When the fan-out stalls on one hard module — switch to a focused subagent

The adversarial fan-out is excellent at audit, breadth, and catching hollow/partial adoption (the coverage + shim + hollow skeptics earned their keep — they caught a forked redact traversal line-for-line and repeatedly flagged a capability-token-only tools claim). It is bad at landing one deep, single-module surgery: a finish agent given many modules will do the easy ones and keep skipping the hard one (e.g. migrating a :::proposal regex parser onto /tools across the chat pipeline + MCP + HTTP routes), and seeding the gap as a prior-refutation does not reliably force it.

Rule: if two finish rounds leave the same module unadopted (verified by import count, not the agent's self-report), stop re-fanning. Hand that one module to a single focused subagent with a precise brief + the reference consumer to copy + hard grep-based gates — the deterministic path. (Proven repeatedly: a deep schema/flow de-wire and a tools side-channel migration both landed clean via a focused subagent after the fan-out loop stalled on them.) Then re-audit.
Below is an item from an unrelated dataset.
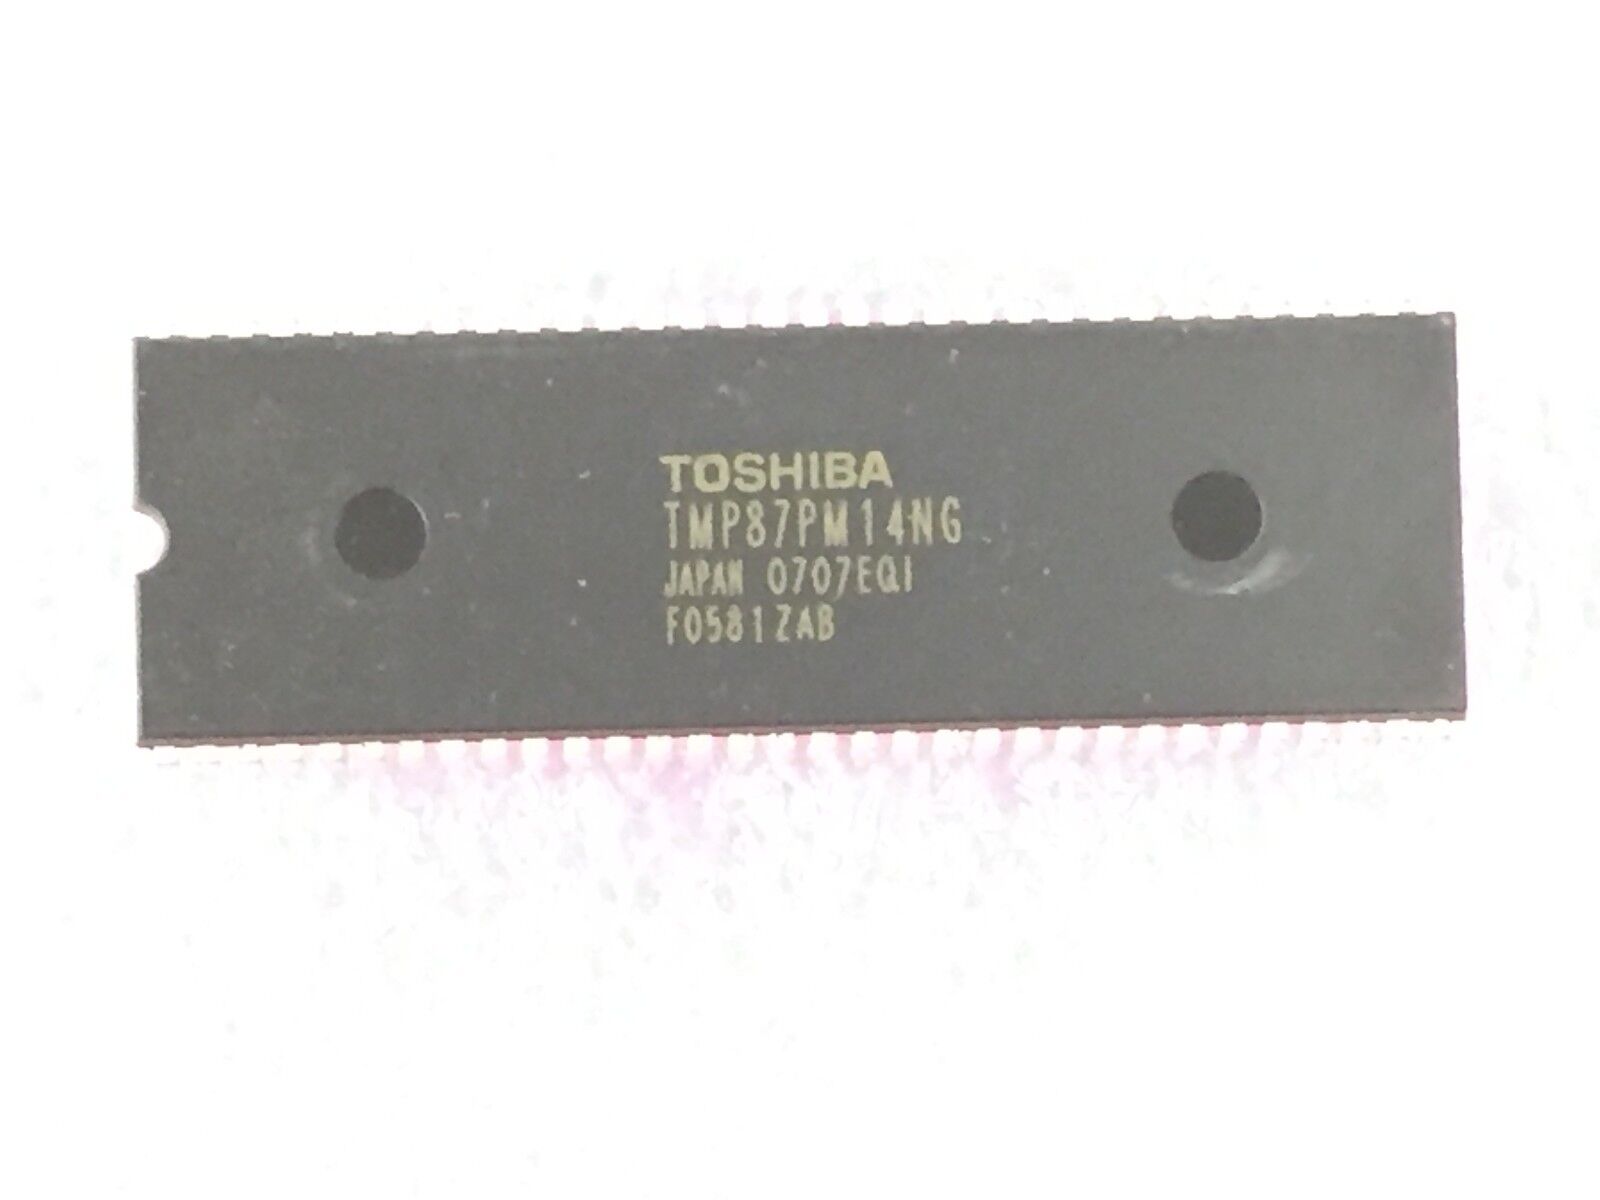 Toshiba TMP87PM14NG CMOS 8-Bit Microcontroller Lot of 8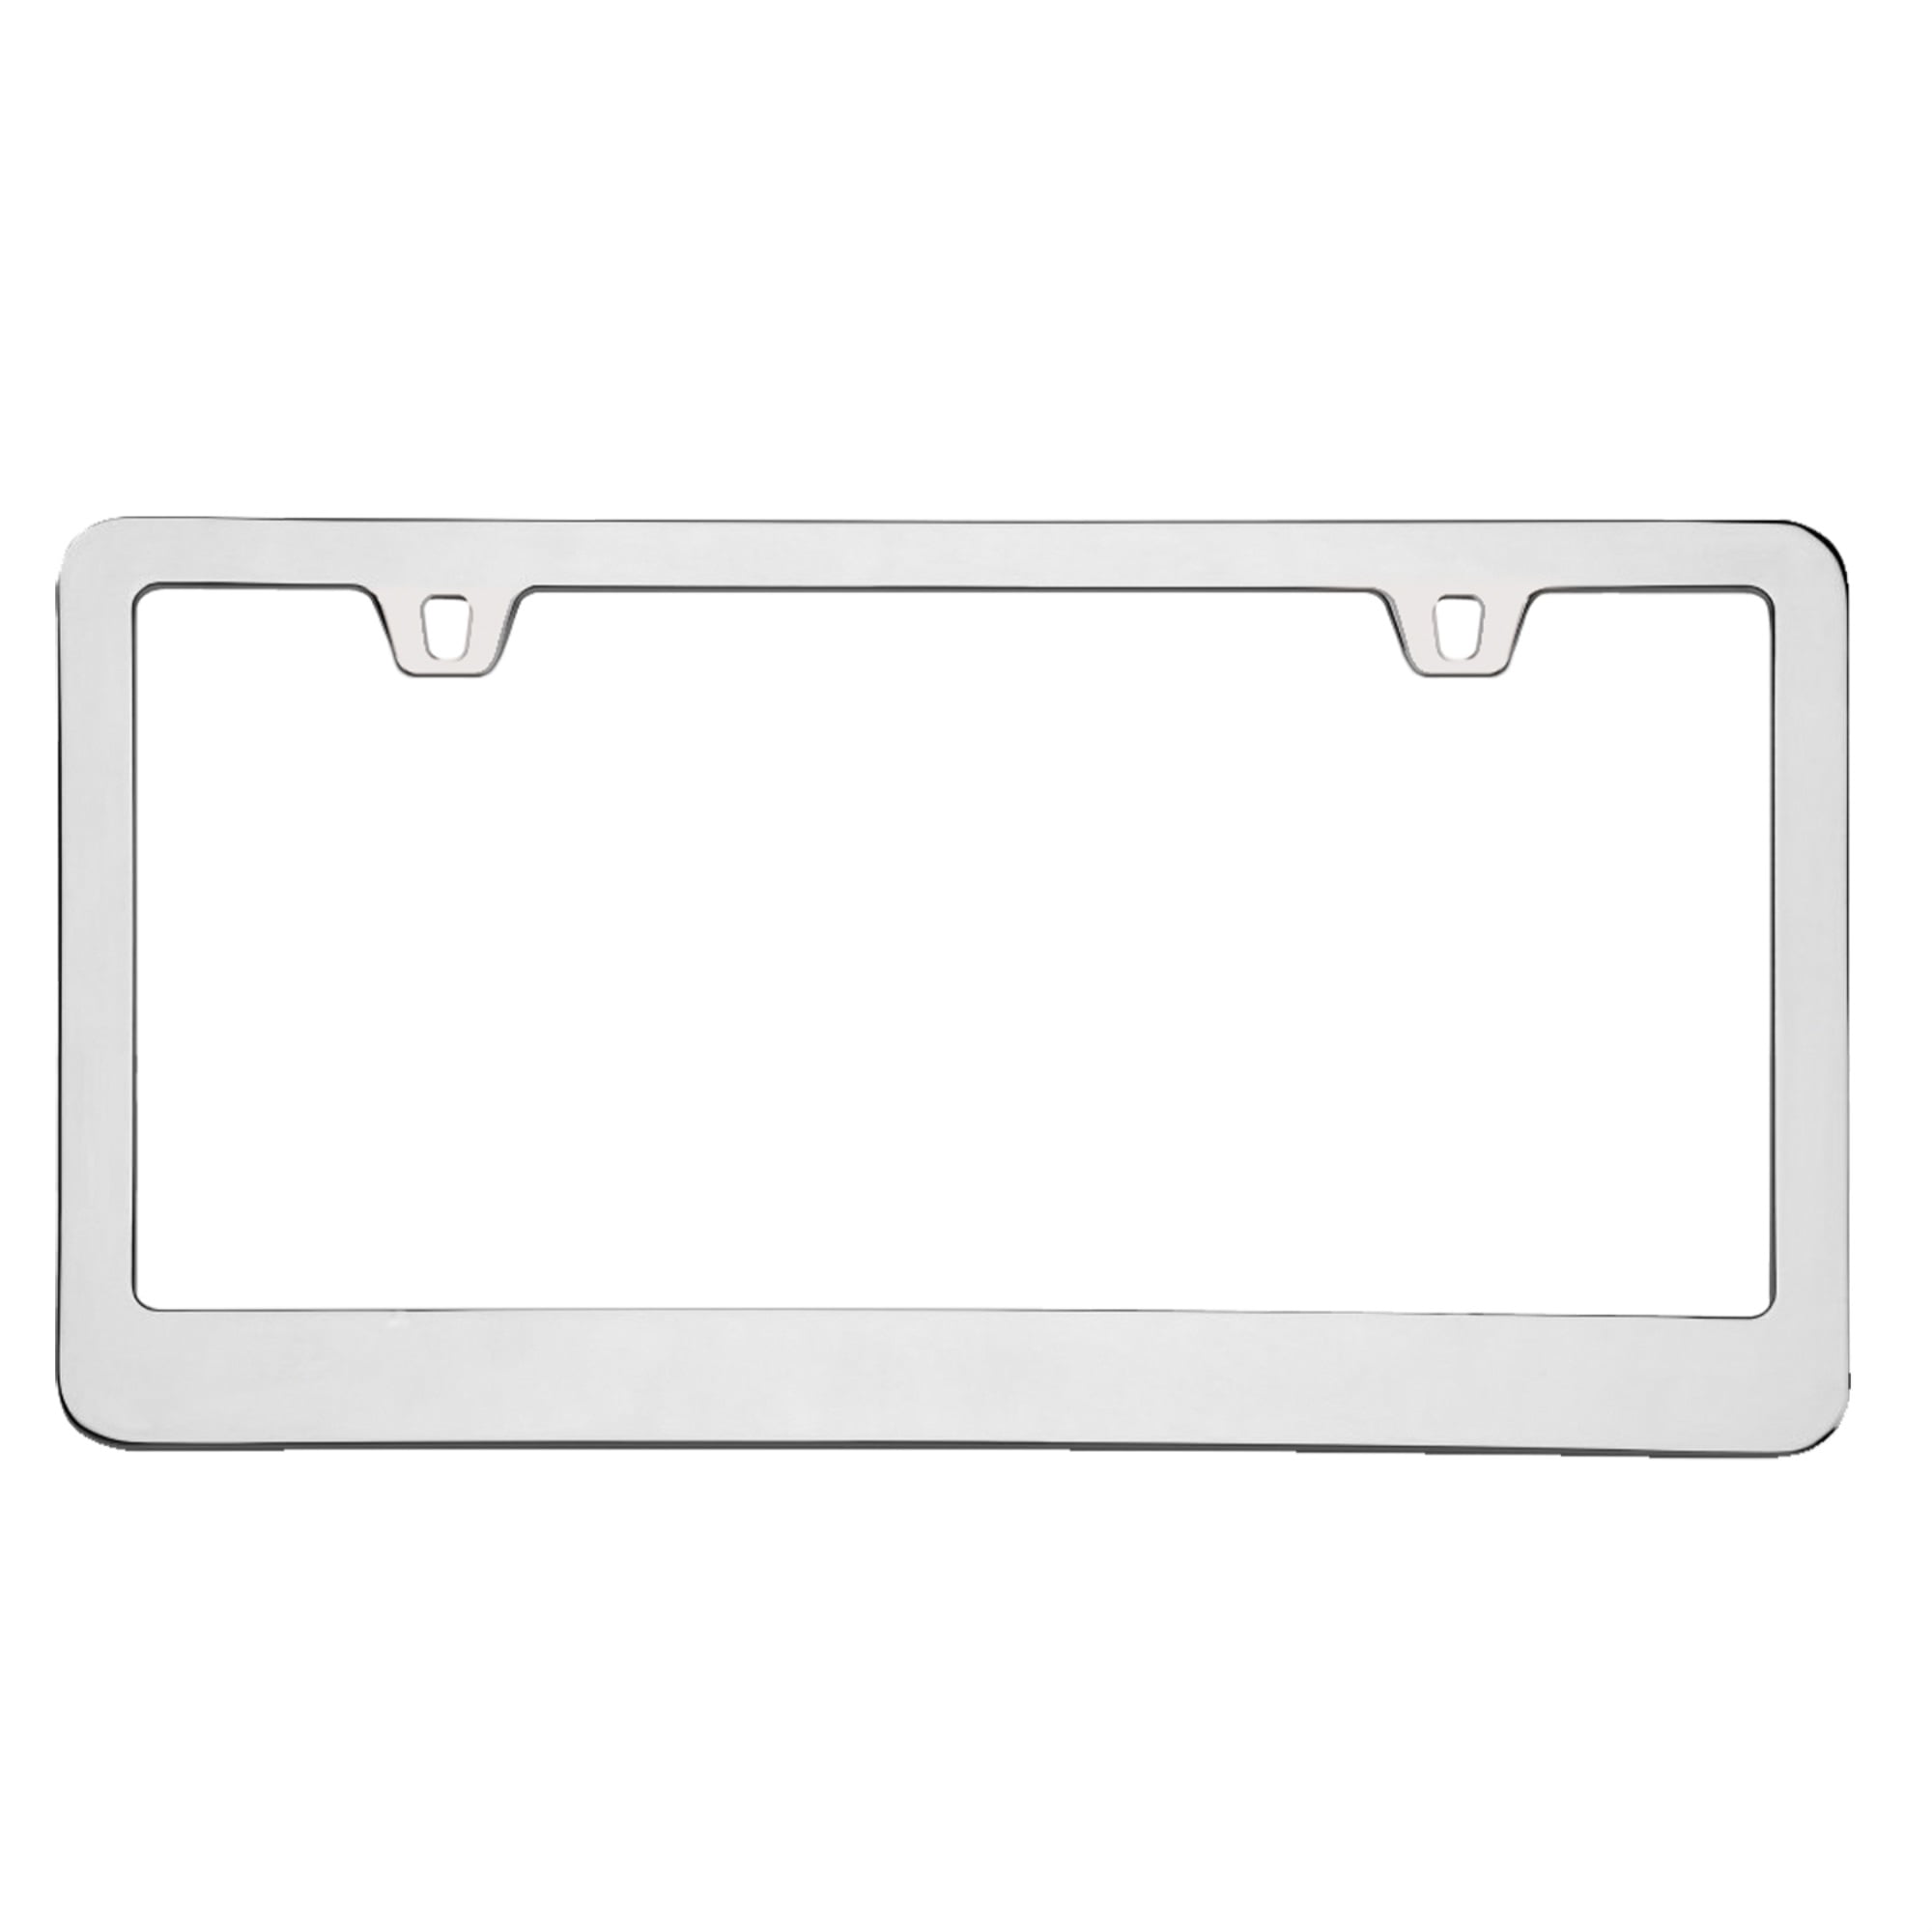 Cruiser Accessories 15130 Neo Sport License Plate Frame Chrome

Always verify with the repo's ACTUAL layout. A git grep -- src returns 0 on a monorepo (packages/*/src, apps/*/src) and you will wrongly call a real adoption "hollow." Grep the whole worktree, or detect the layout first.

Safety / guardrails

Worktree isolation per agent; no push, no force, no main mutation, no --no-verify.
Each agent's pre-existing uncommitted work + feature branch is respected — the worktree forks the current HEAD.
Bounded retries; capped agents are reported incomplete, not faked.
Engines stay peer-deps; never bundle. Improvements go DOWN, not sideways.